*** Dataset section Section Begins ***

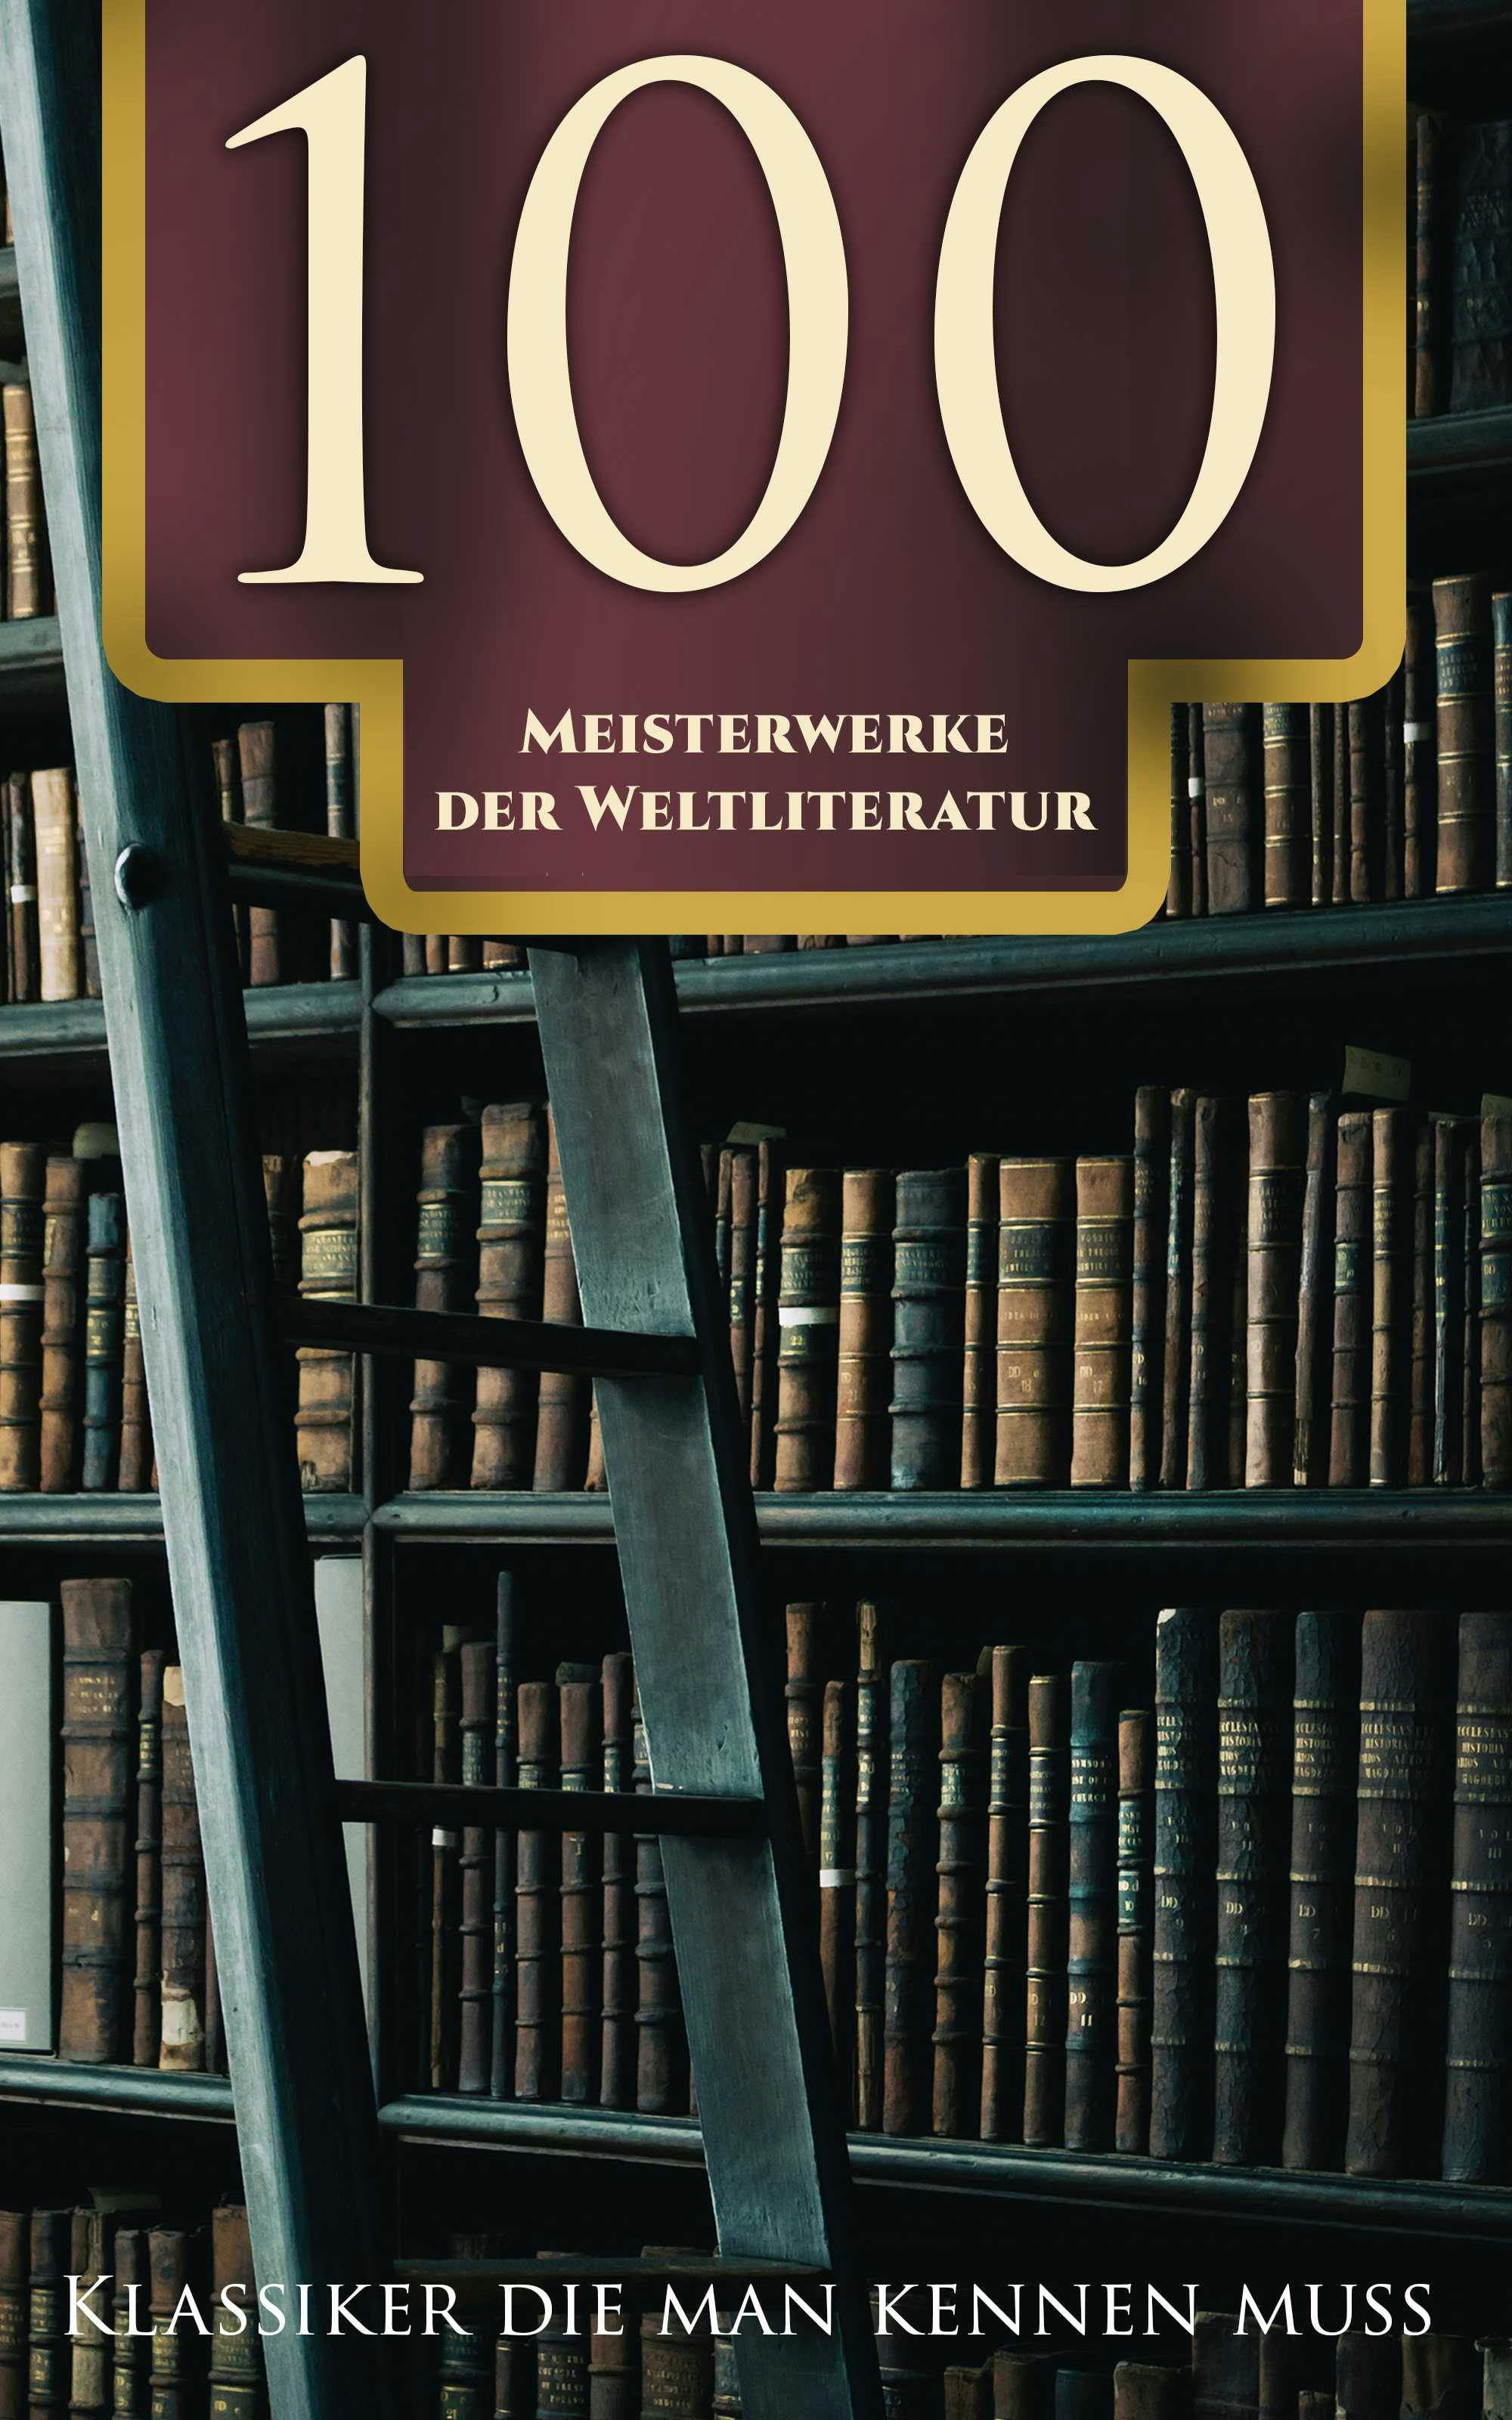 100 Meisterwerke der Weltliterature - Klassiker die man kennen muss - undefined
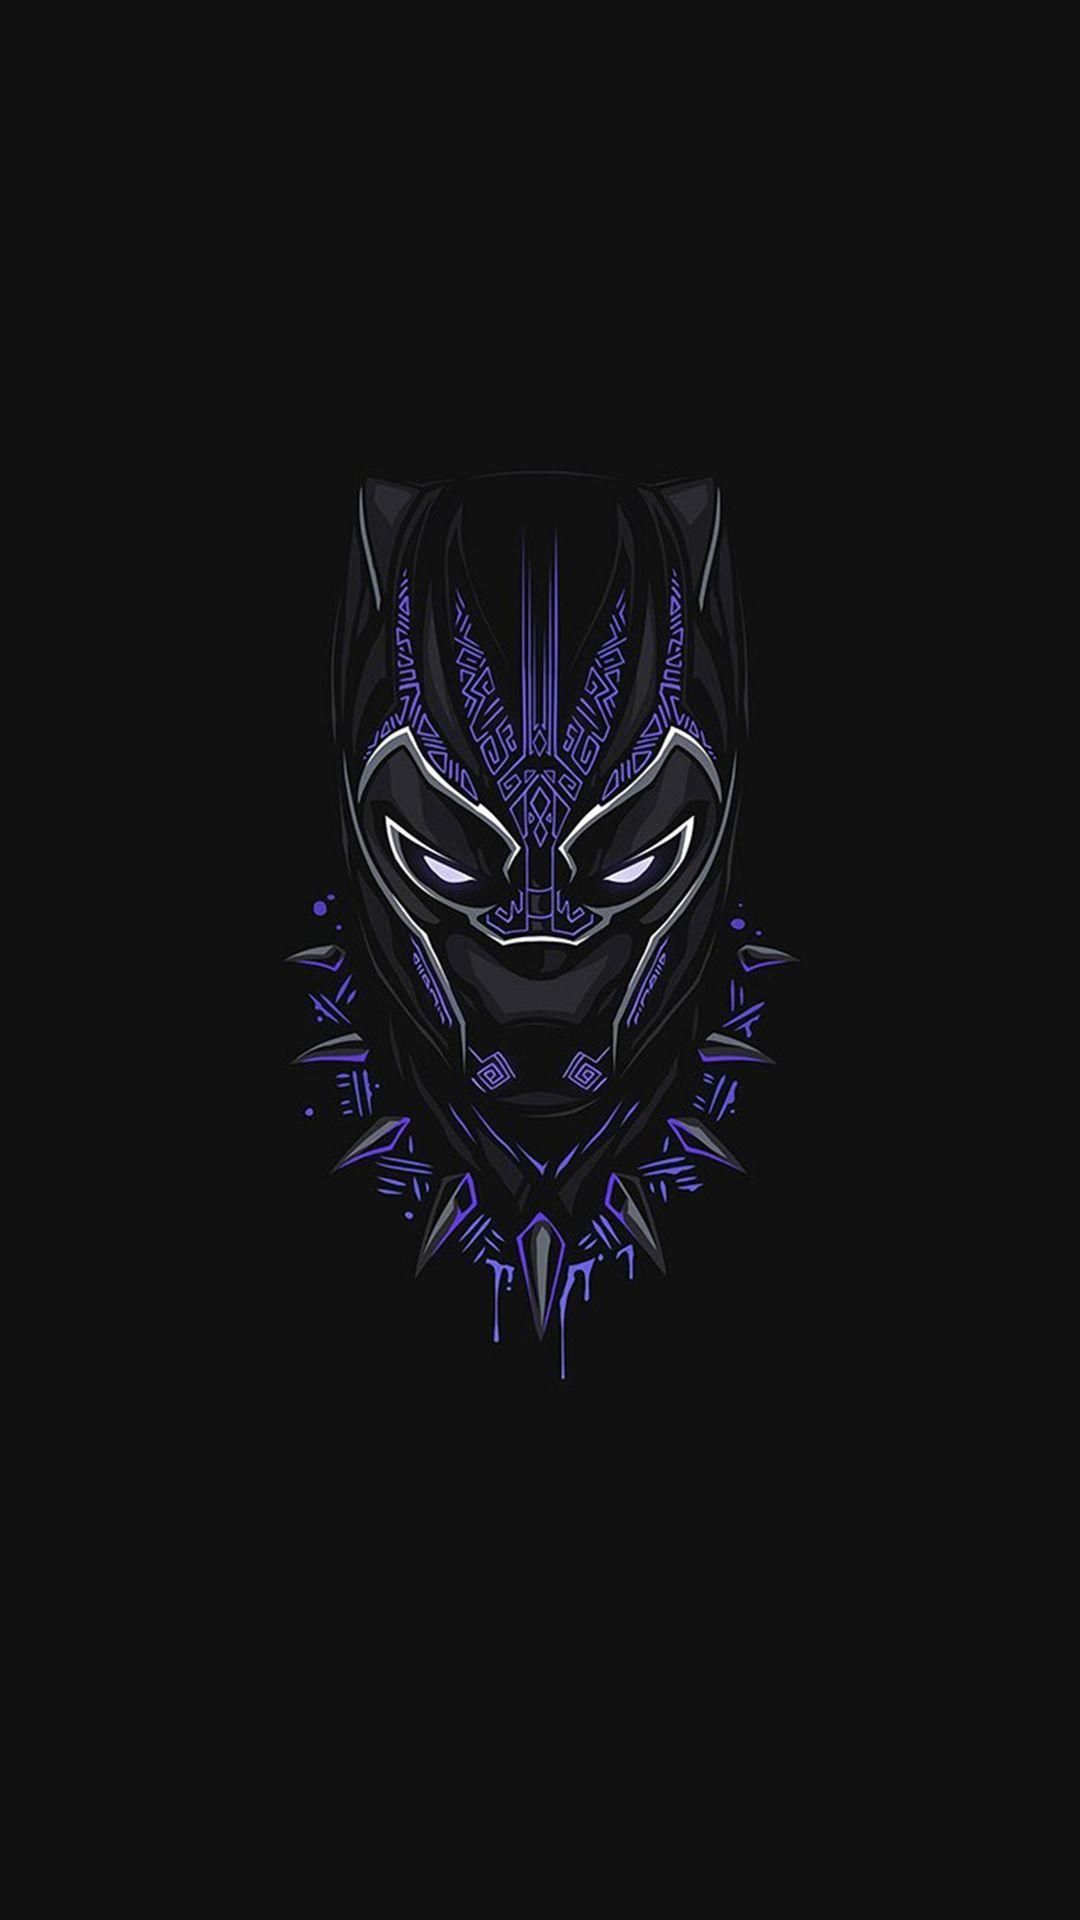 Black Panther Marvel Phone Wallpaper Free Black Panther Marvel Phone Background
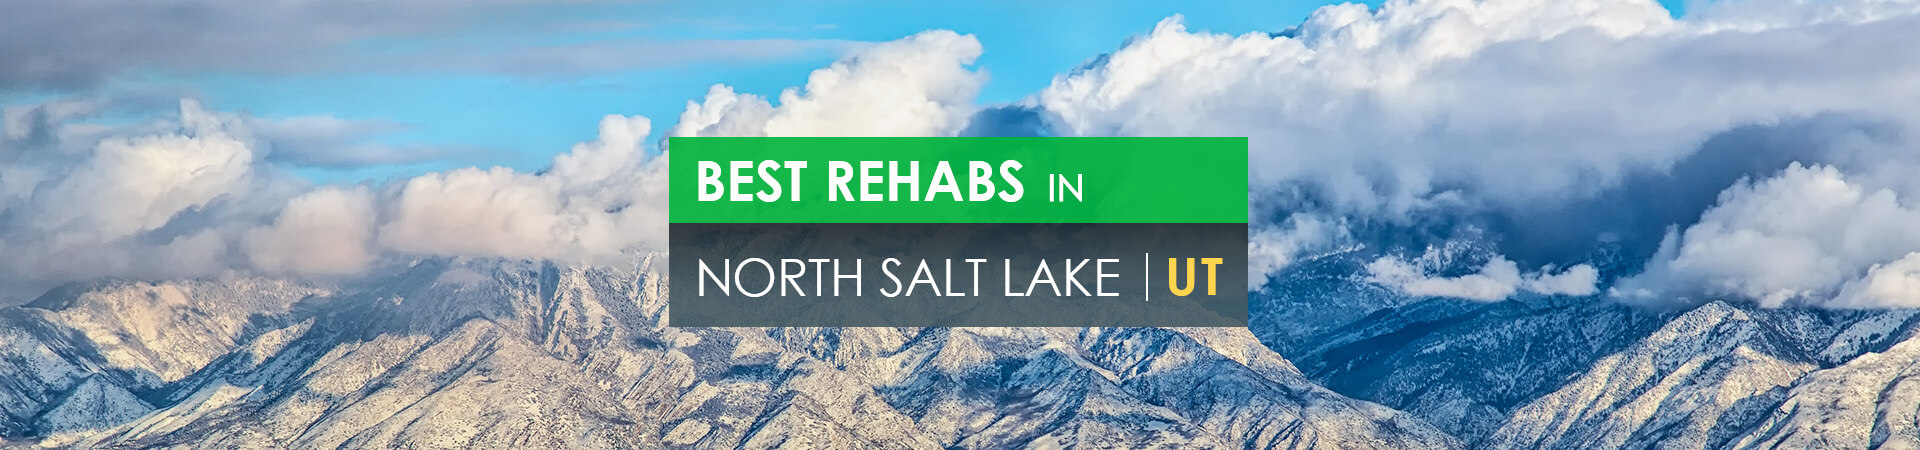 Best rehabs in North Salt Lake, UT

*** Dataset section Section Ends ***

Copy the material above exactly and drop the pictures.

 100 Meisterwerke der Weltliterature - Klassiker die man kennen muss - undefined
 Black Panther Marvel Phone Wallpaper Free Black Panther Marvel Phone Background
 Best rehabs in North Salt Lake, UT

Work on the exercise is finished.